**PROBLEM REQUIREMENTS**. Every record is to be copied unchanged, except that its pictures are removed.

START SUPPLIED MATERIAL

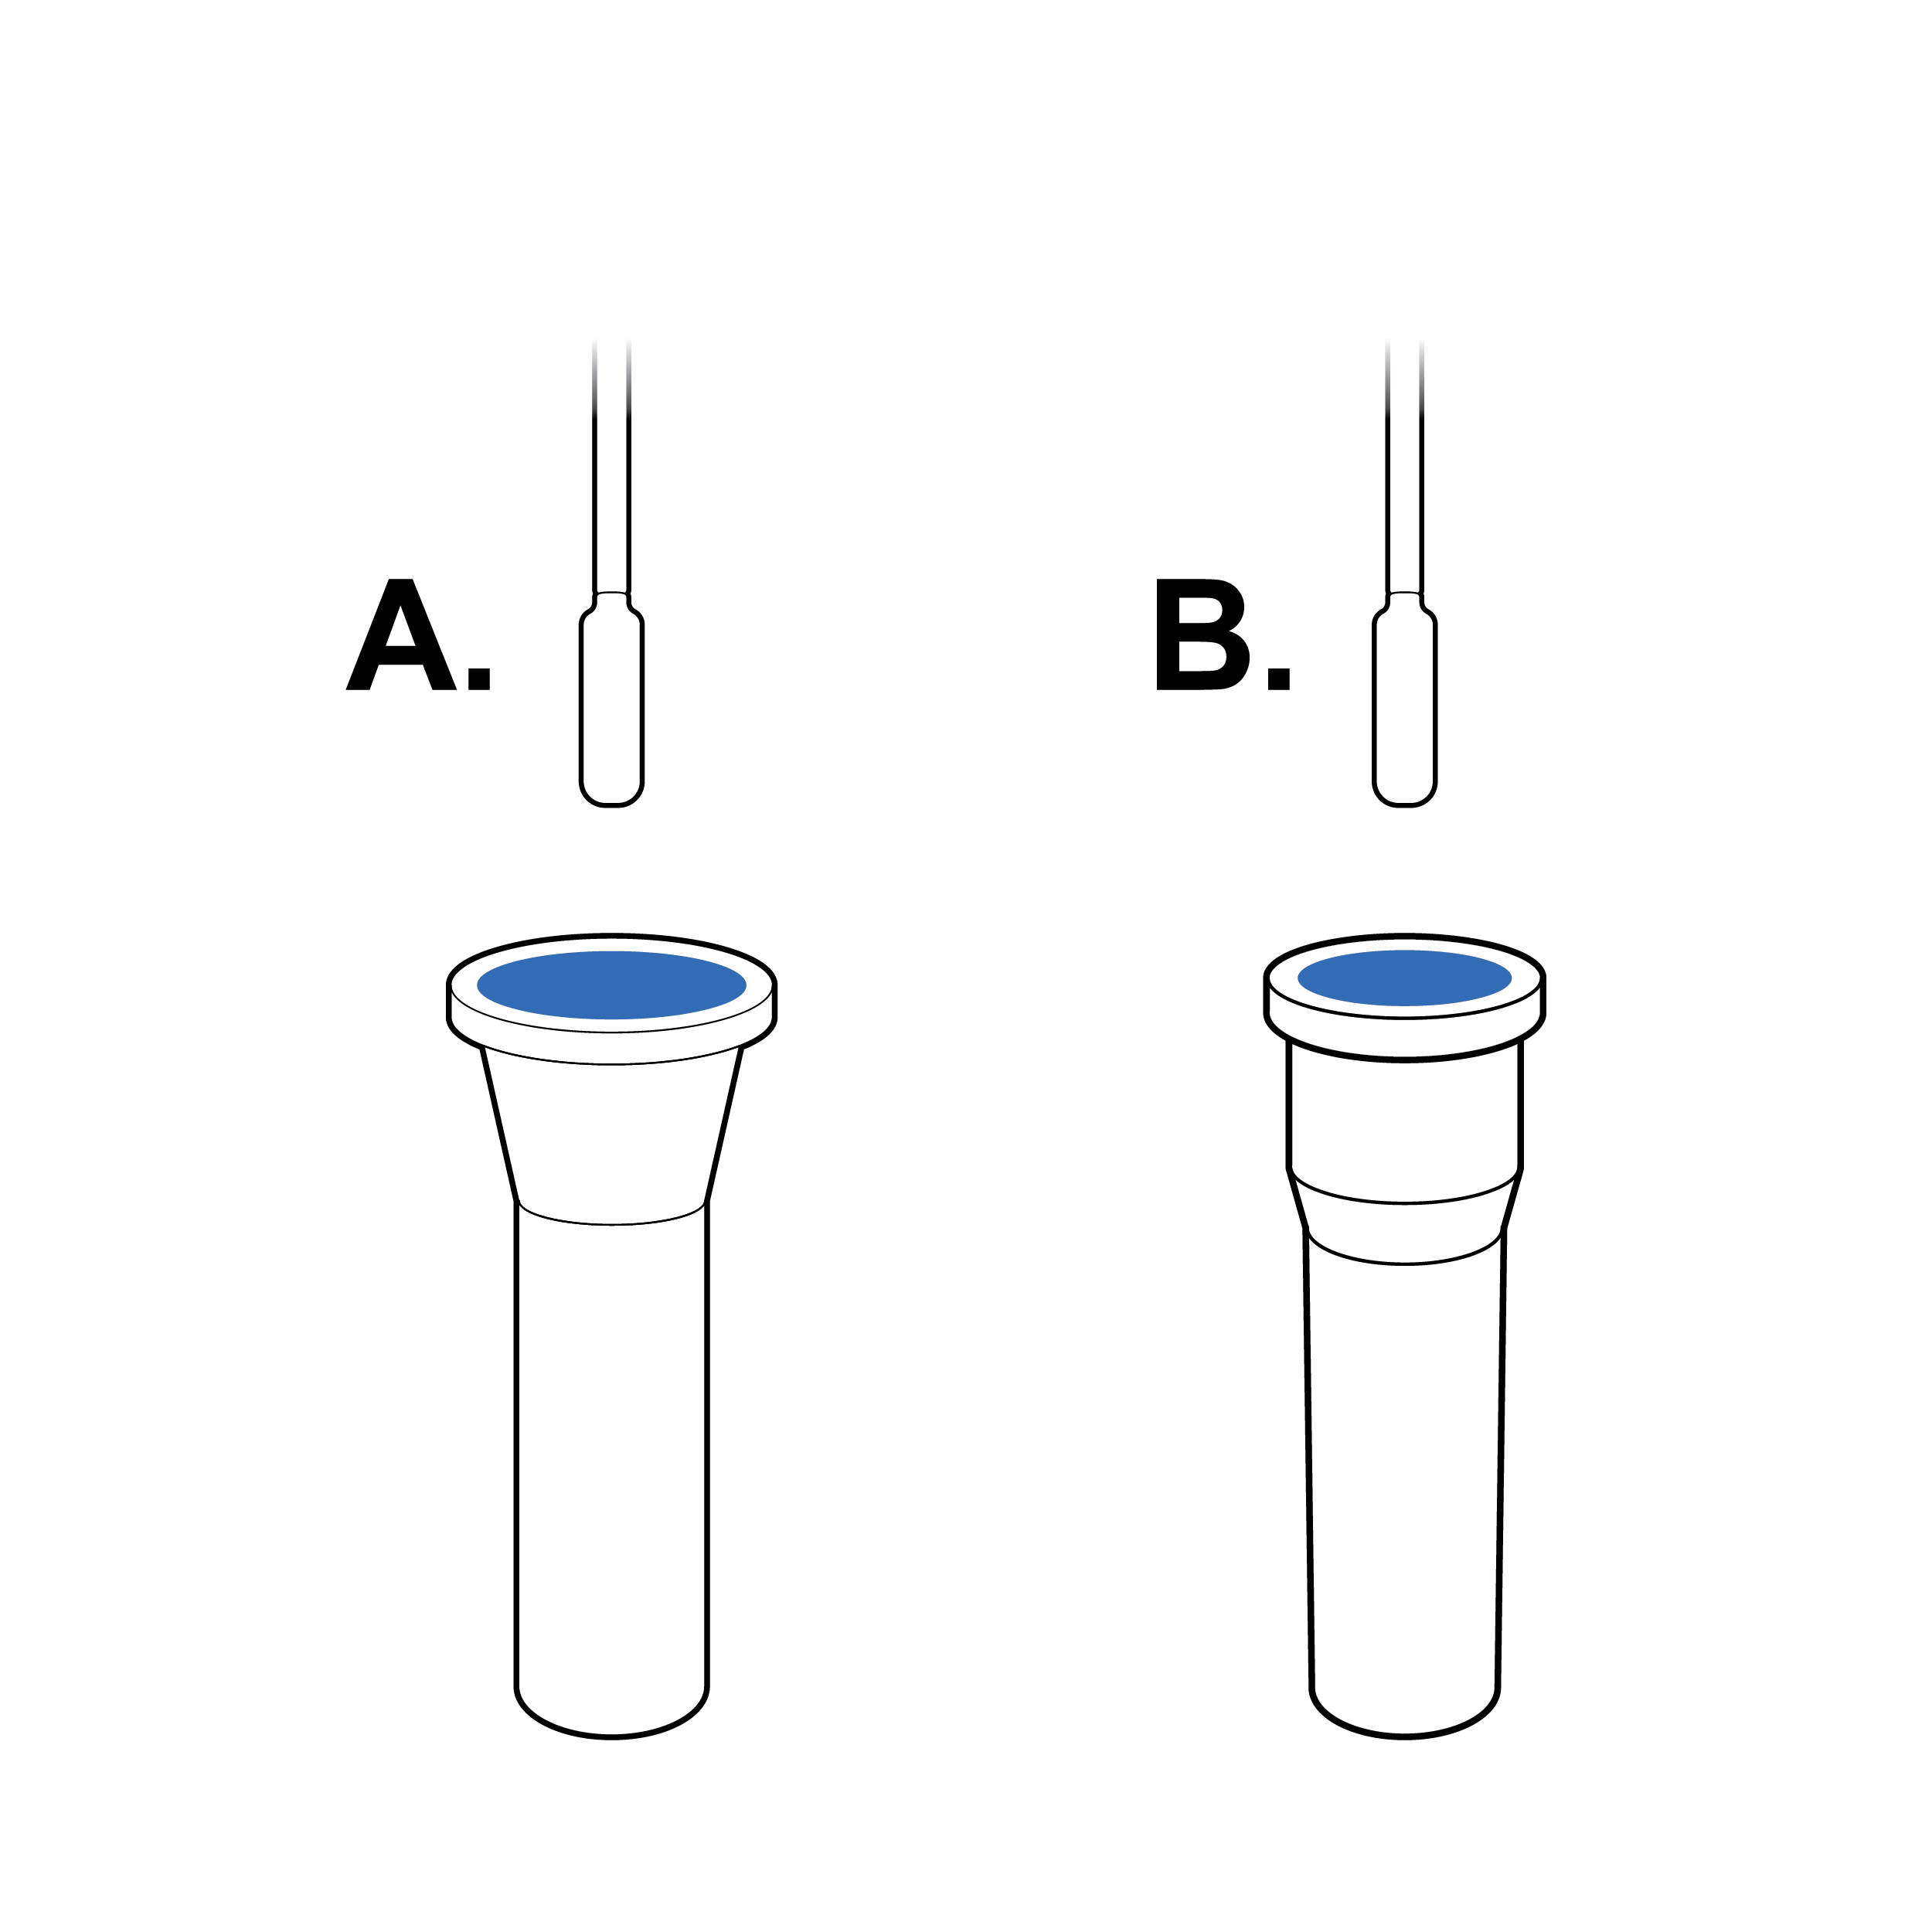 Two options are illustrated. The fluid vial openings in both A and B vials are shaded blue, indicating easier insertion of the swab. Under option A, the top of the vial is tapered in a funnel shape. Under option B, the top of the vial is wide and steps down near the mid-section of the vial.
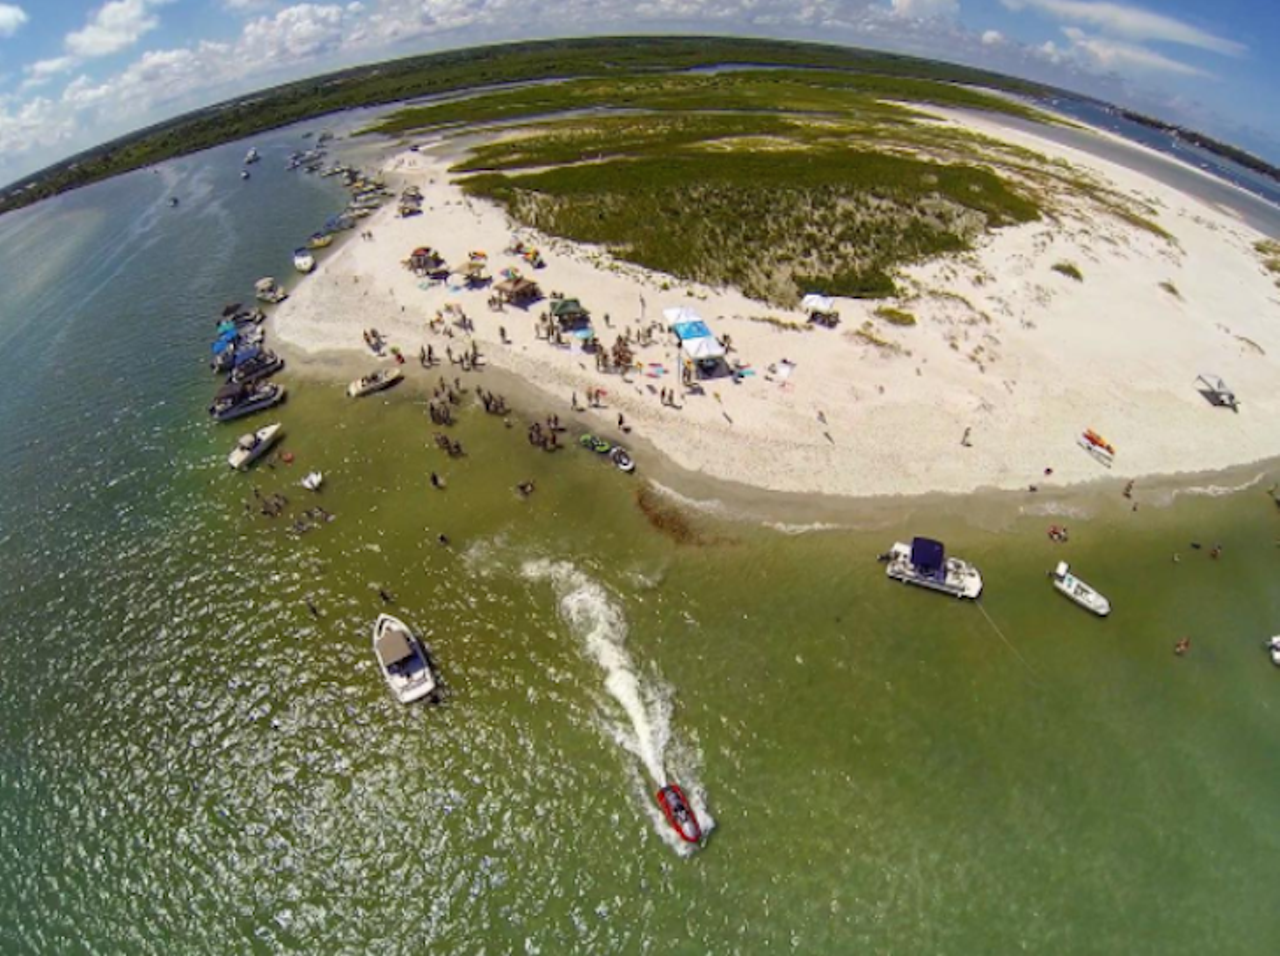 Disappearing Island
Ponce Inlet
Disappearing Island is like walking onto the set of a hip-hop music video: boats, booze and bangin' tunes in every direction. Enjoy the warm water while you can ... low tide only lasts so long and then there goes the island.
Photo via chriskernstock/Instagram

END SUPPLIED MATERIAL

**SOLUTION**.
 Two options are illustrated. The fluid vial openings in both A and B vials are shaded blue, indicating easier insertion of the swab. Under option A, the top of the vial is tapered in a funnel shape. Under option B, the top of the vial is wide and steps down near the mid-section of the vial.
 Disappearing Island
Ponce Inlet
Disappearing Island is like walking onto the set of a hip-hop music video: boats, booze and bangin' tunes in every direction. Enjoy the warm water while you can ... low tide only lasts so long and then there goes the island.
Photo via chriskernstock/Instagram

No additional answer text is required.